Showing posts with label Dorothy Dow. Show all posts
Showing posts with label Dorothy Dow. Show all posts

27 May 2014

Mitropoulos Conducts Schönberg and Křenek

Continuing our exploration of Dimitri Mitropoulos' recordings, we encounter Arnold Schönberg's expressionist Erwartung from 1909 and Ernst Křenek's Symphonic Elegy (In Memory of Anton von Webern), which dates from 1946.

You might expect that these works would have appealed to the modernist Mitropoulos, but his biographer William Trotter claims that the Schoenberg was the source of a crisis of confidence for the composer.

"I am wondering sometimes if this kind of distorted and screwy beauty is of any transcendental value," Mitropoulos wrote to his great friend Katy Katsoyanis. She sensibly replied, "It's very natural, when you are battling desperately with one of these problematic creations, to question whether they are worth all that effort; your mission, however, is to play them, solving their problems, explaining them to the audience."

Dimitri Mitropoulos: a famed, if conflicted interpreter of the Second Viennese School
At this, the conductor was a master; he and the New Yorkers make Schönberg sound as effortless as Schubert. The concerts leading up to this recording were praised by the critics, and even the audience was pleased. You can hear why in this taping from November 19, 1951, from Columbia's 30th Street Studio. Dorothy Dow is fully in command of the ungrateful part of the protagonist in this overwrought monodrama from the pen of Marie Pappenheim.

Dorothy Dow
The critic C.J. Luten wrote, "Erwartung is shocking, violent, and more than a little morbid. It concerns a mature woman, who, upon taking a midnight stroll through the forest, runs into the dead body of her lover. The words of the play are the thoughts which occur to the protagonist throughout the 25-minute course of action."
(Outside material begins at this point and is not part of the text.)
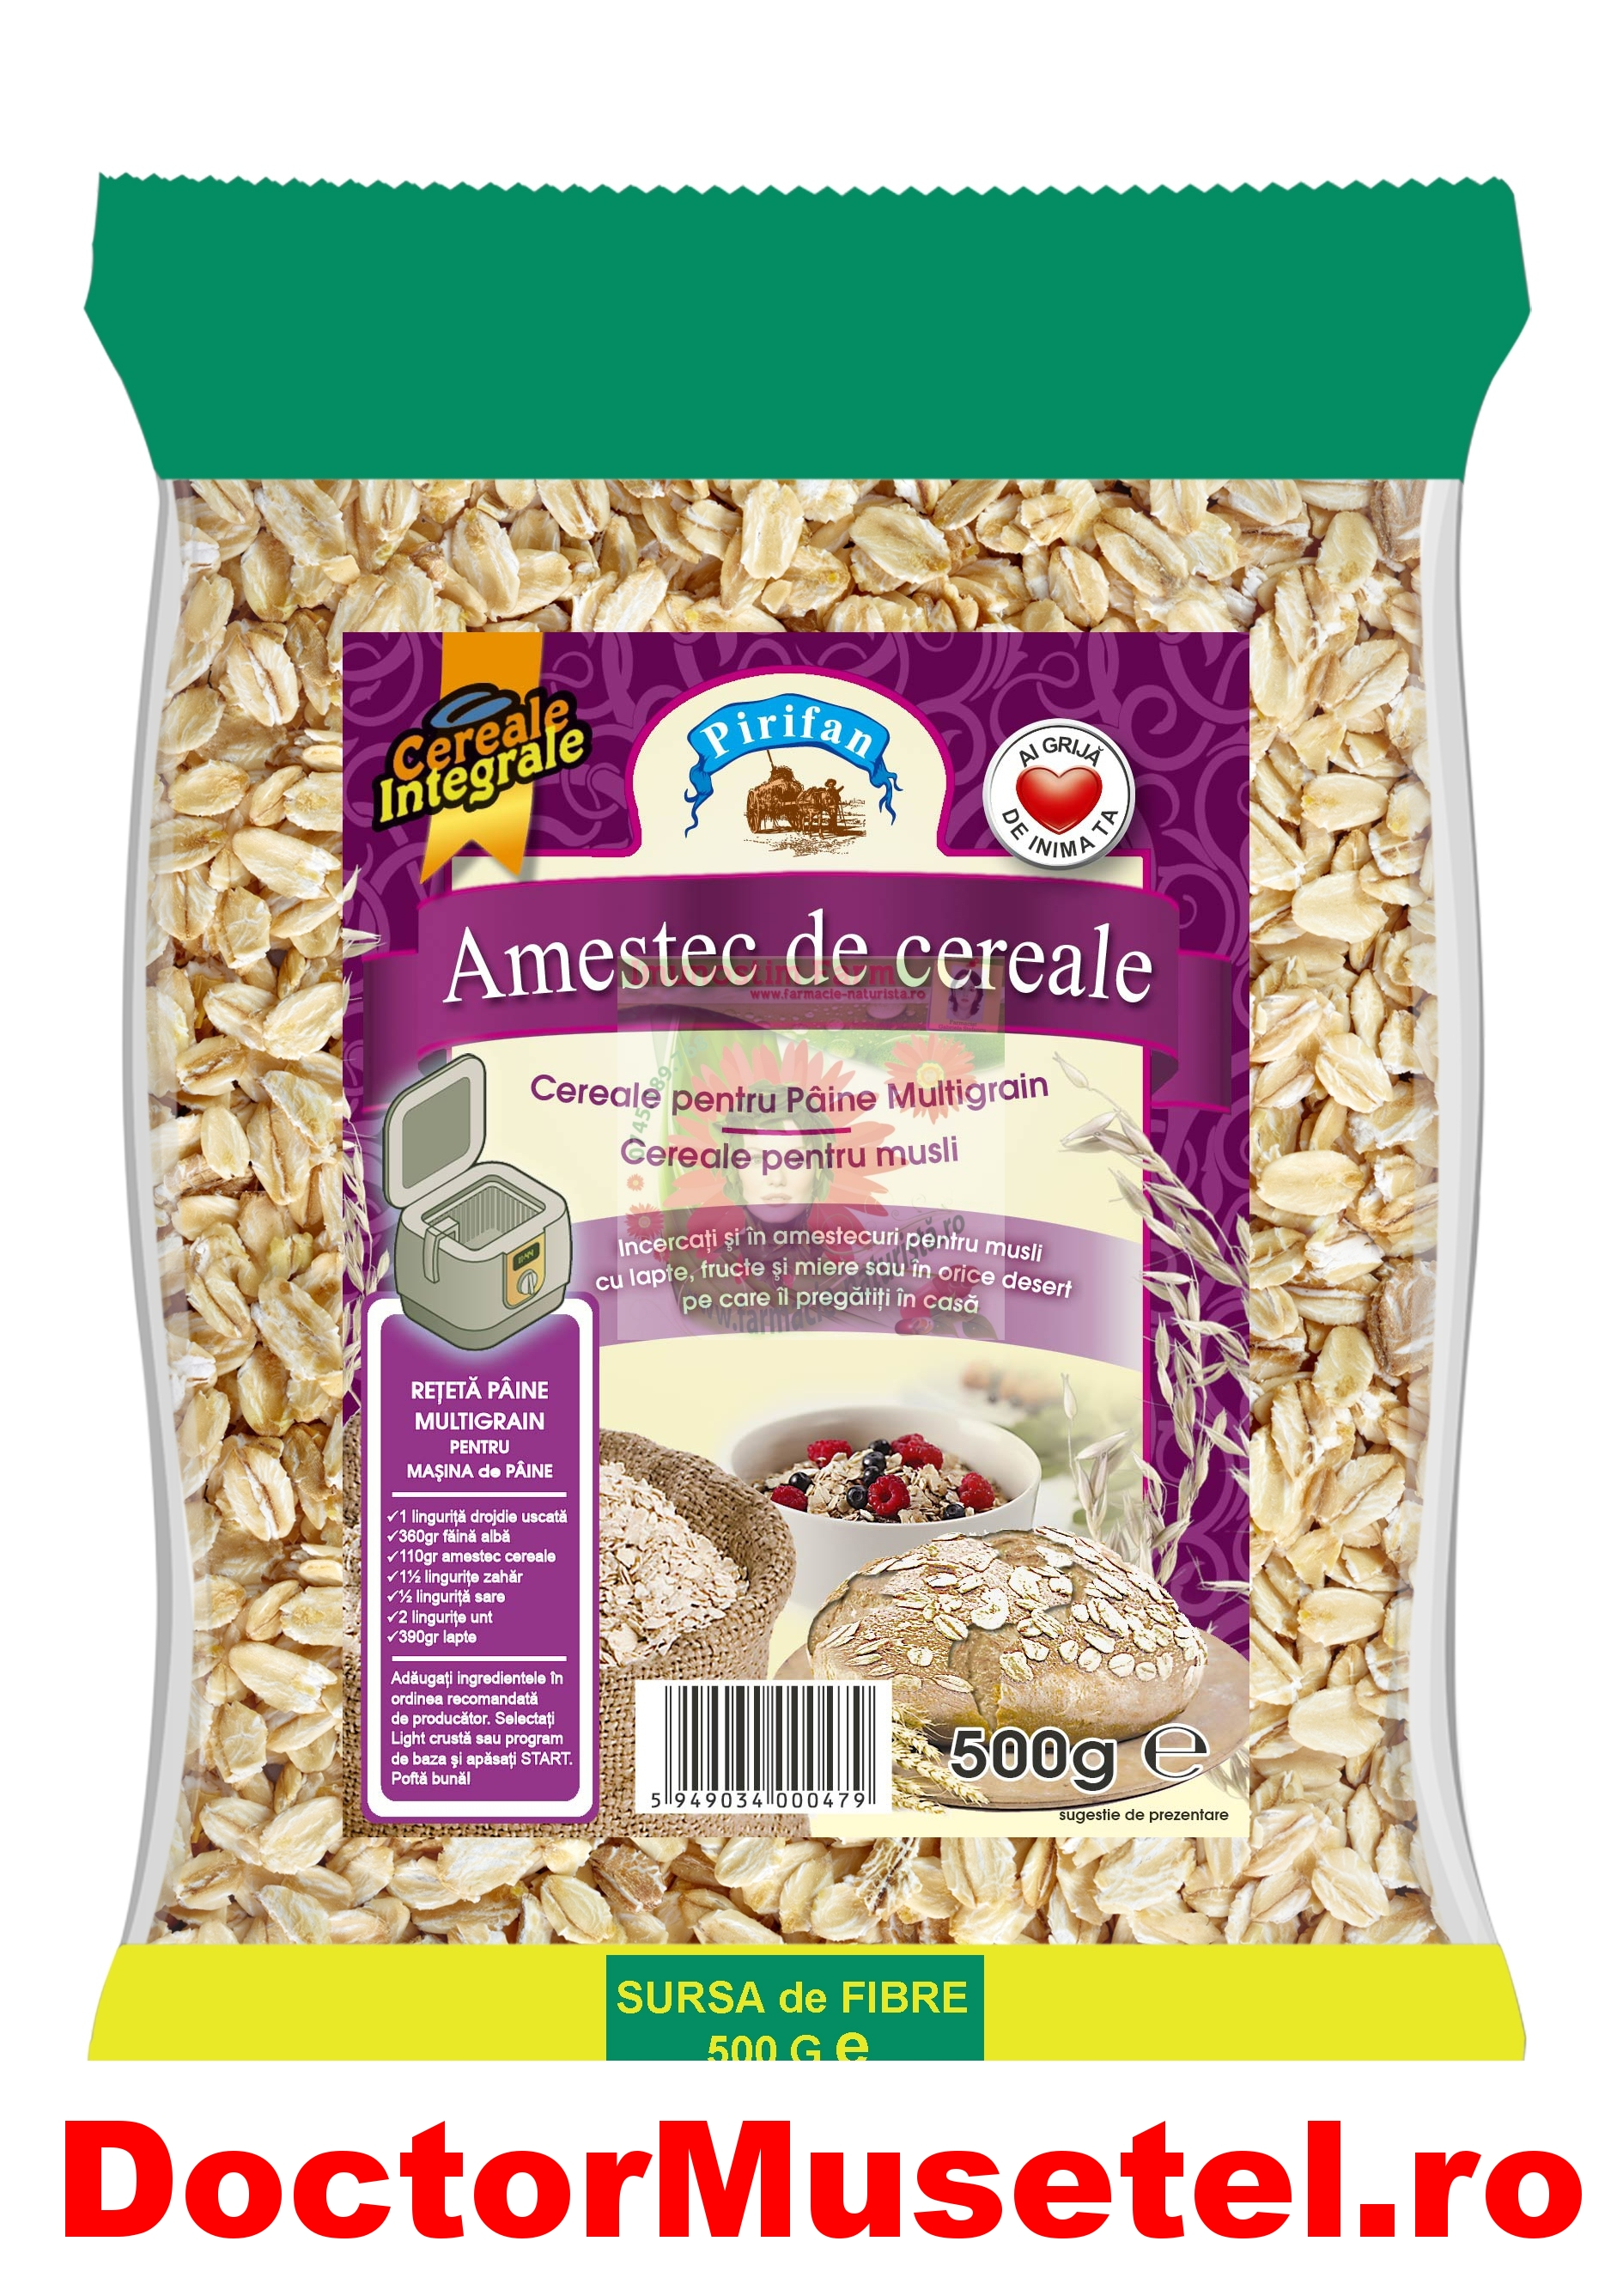 Amestec-de-cereale-500g-PIRIFAN-www-farmacie-naturista-ro.jpg

Actually, Pappenheim and Schönberg were of two minds about the composition. Schönberg did suggest it, but he claims he gave the outline to the author; she says he did not. In the event, the composer thought of the work as expressing a heightened emotional state consistent with the scenario. Pappenheim, perhaps with an assist from later scholars, seemed to believe it had to do with a woman whose mental state was already in turmoil from her place in Viennese society, and "whose tortured emotions are symptoms of an illness she could have avoided by taking possession of her emotional life." (See Bryan Simms' article "Whose Idea was Erwartung?" for more.)

The 1909 work is a prime example of Expressionism, and has been likened both to the Expressionist writers of the era, and to such painters as Kokoschka, Kandinsky and the Der blaue Reiter circle. The composer himself was a talented artist who exhibited his works at the time.

Chaim Soutine - Mad Woman (1920), Schoenberg - Blaues Selbstportrait (1910)
Musically, Erwartung looks both back and forward. Writing in The Saturday Review, composer Arthur Berger noted, "Erwartung stems from an intermediate period separating Schönberg's frankly post-Wagnerian stage from his ultimate crystallization of twelve-tone technique. The Tristanesque contours evocative of love-death and frustration had not yet been subjected to the compression and abstraction that makes them, in his later music, barely recognizable as such... 

Arnold Schoenberg
"Instrumental colors are conceived with utmost imagination and aural sensitivity, and do much to establish the eerie atmosphere. But they almost never overpower the singer. The vocal line constantly inflects the word, its sound and feeling, and the background is a judicious commentary of chamber music."

And of course, Schoenberg was one of the most influential composers of the 20th century. C. J. Luten observed, "Those who admire Alban Berg's powerful Wozzeck, and who do not know Erwartung, will have quite a surprise when they hear this recording. They will find, I think, a remarkable similarity in style, expression, and especially in harmony and instrumentation." Berg was one of the three principal figures of the Second Viennese School, along with Schoenberg and Anton Webern, and his Wozzeck and Lulu are the most noted Expressionist operas.

Ernst Křenek
The companion work on this LP is impressive as well. Mitropoulos had become acquainted with Křenek when the conductor was in Minneapolis and the composer was on the faculty of Hamline University in adjacent St. Paul, and consistently championed Křenek's works. 

During his career, the composer wrote in many styles, but Alfred Frankenstein observed that the Elegy "is a legitimate son of Schönberg's Verklärte Nacht. It is a work for string orchestra of great character and expressive resonance." The recording dates from April 21, 1951, also from the 30th Street Studios.

The sound on both sides is excellent, and has now been remastered in ambient stereo (September 2023). The download newly includes many reviews, notes on Schönberg and his music by Robert Craft, and the text and an English translation of Erwartung.